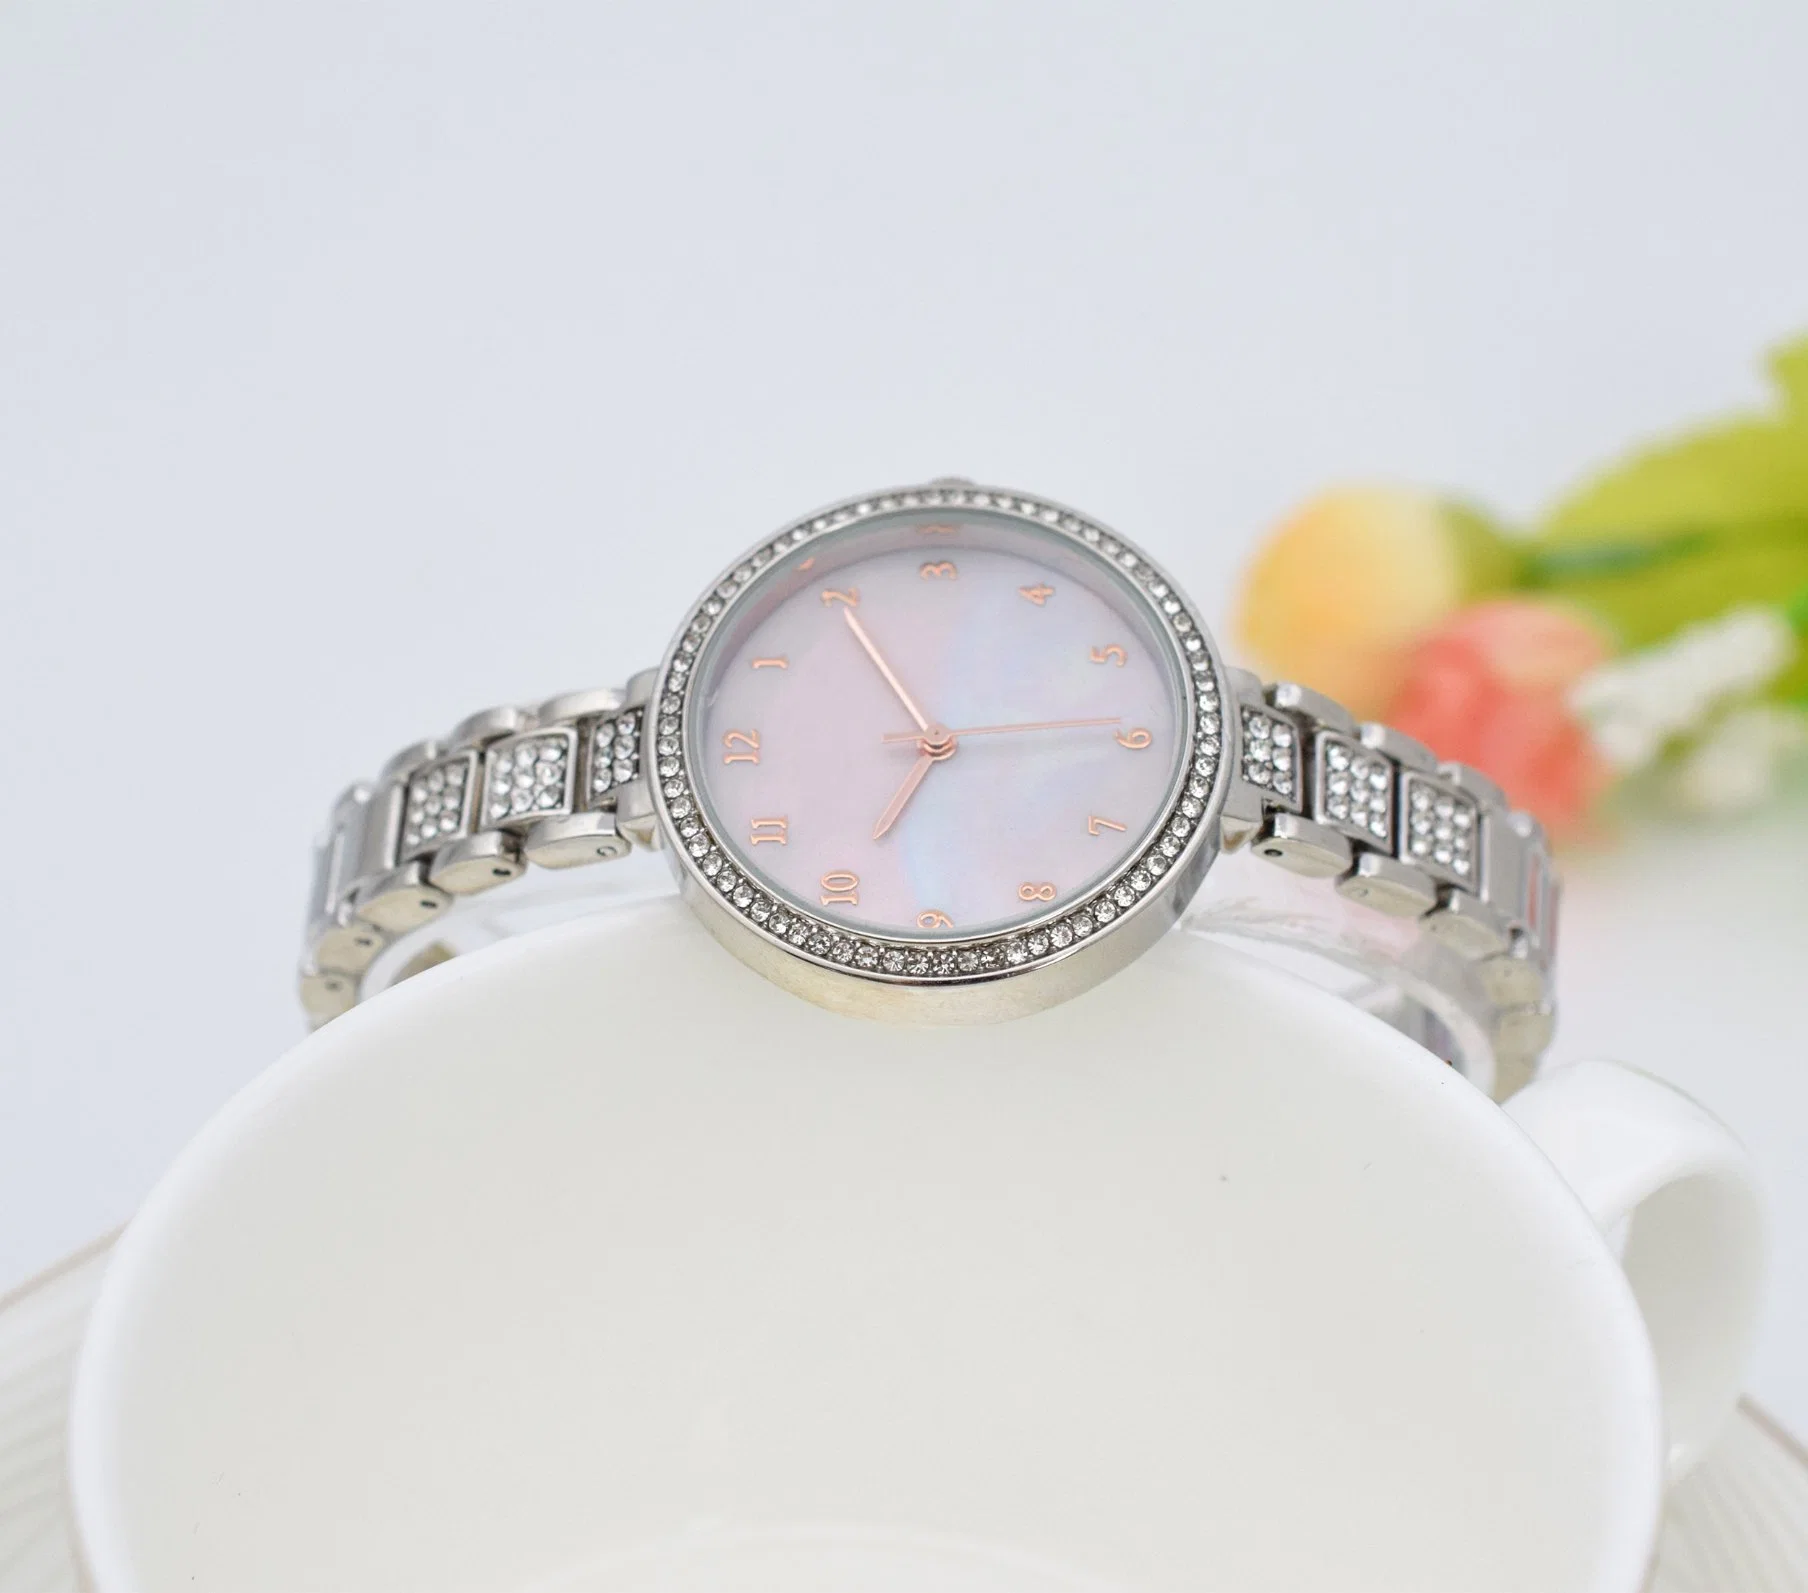 Custom Watch Geschenk Uhr Quarz Watch Fashion Watch Lady Promotional Uhr Alloy Günstige Uhr
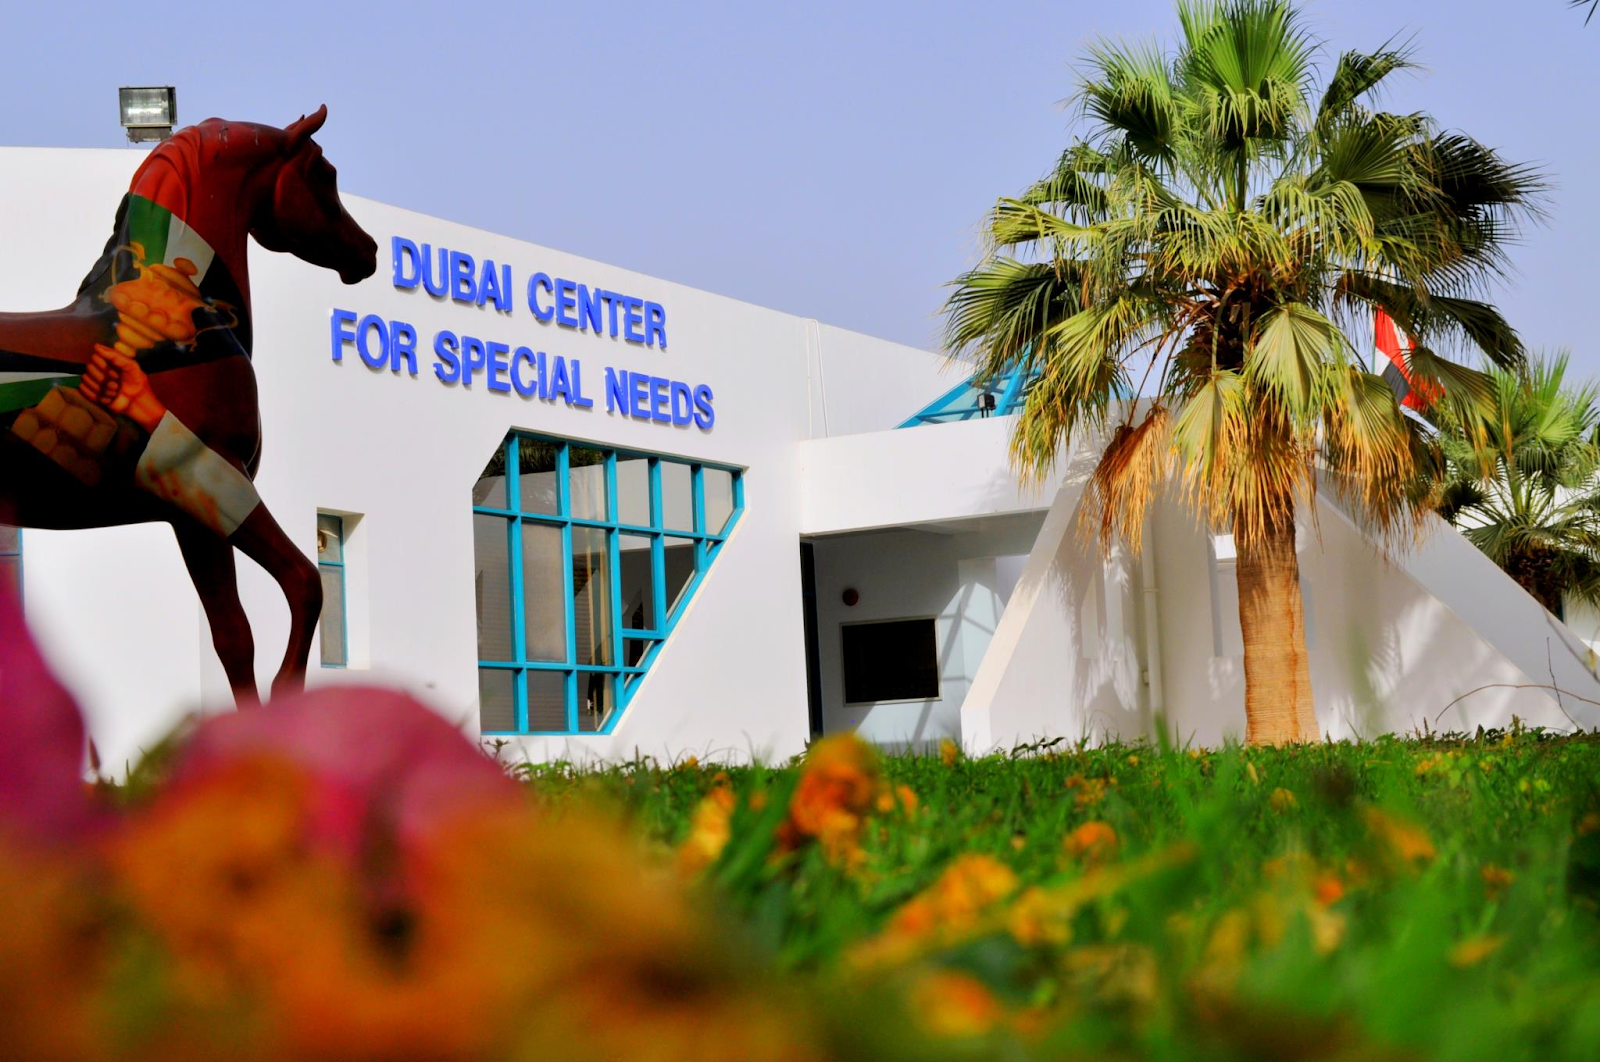 Dubai Centre for Special Needs, Sheikh Zayed Road, Dubai
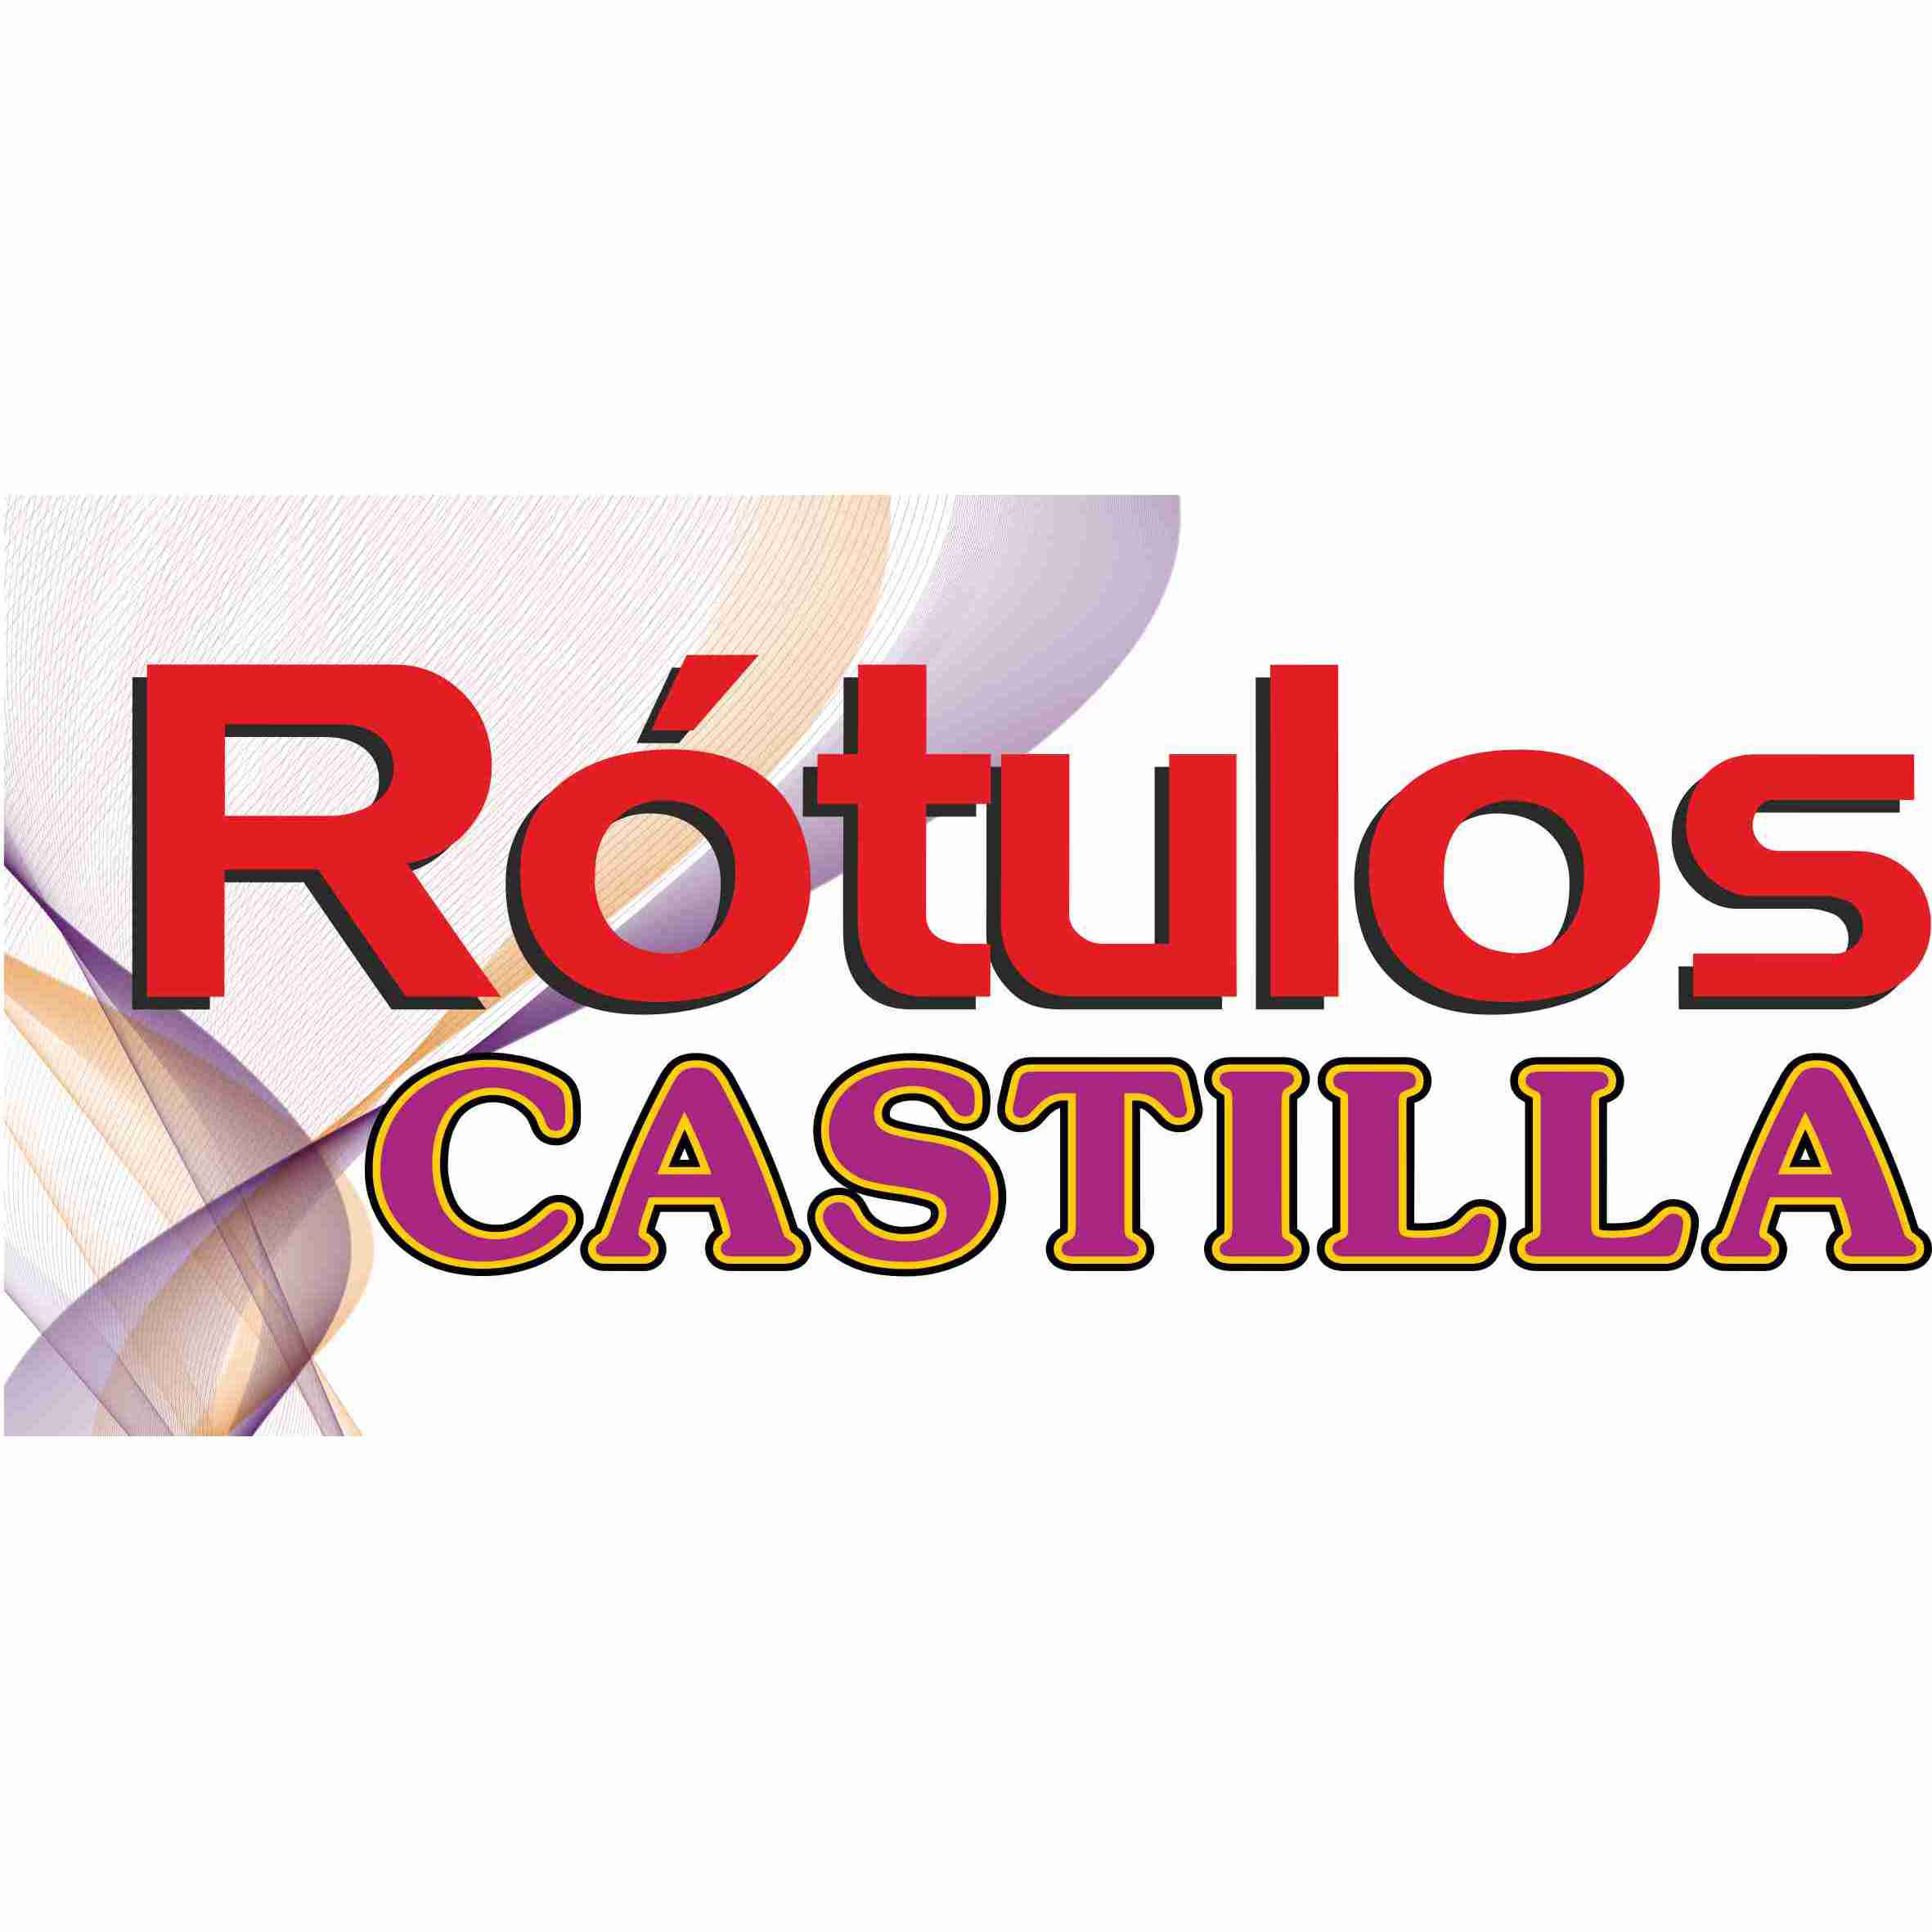 Rotulación y Diseño Castilla Logo

* * * *

== WHAT IS EXPECTED ==
From the line holding "Dubai Centre for" through the last line of the material above, each line should be written out exactly, both included; omit the pictures.

== SOLUTION FOR THIS EXERCISE ==
 Dubai Centre for Special Needs, Sheikh Zayed Road, Dubai
 Rotulación y Diseño Castilla Logo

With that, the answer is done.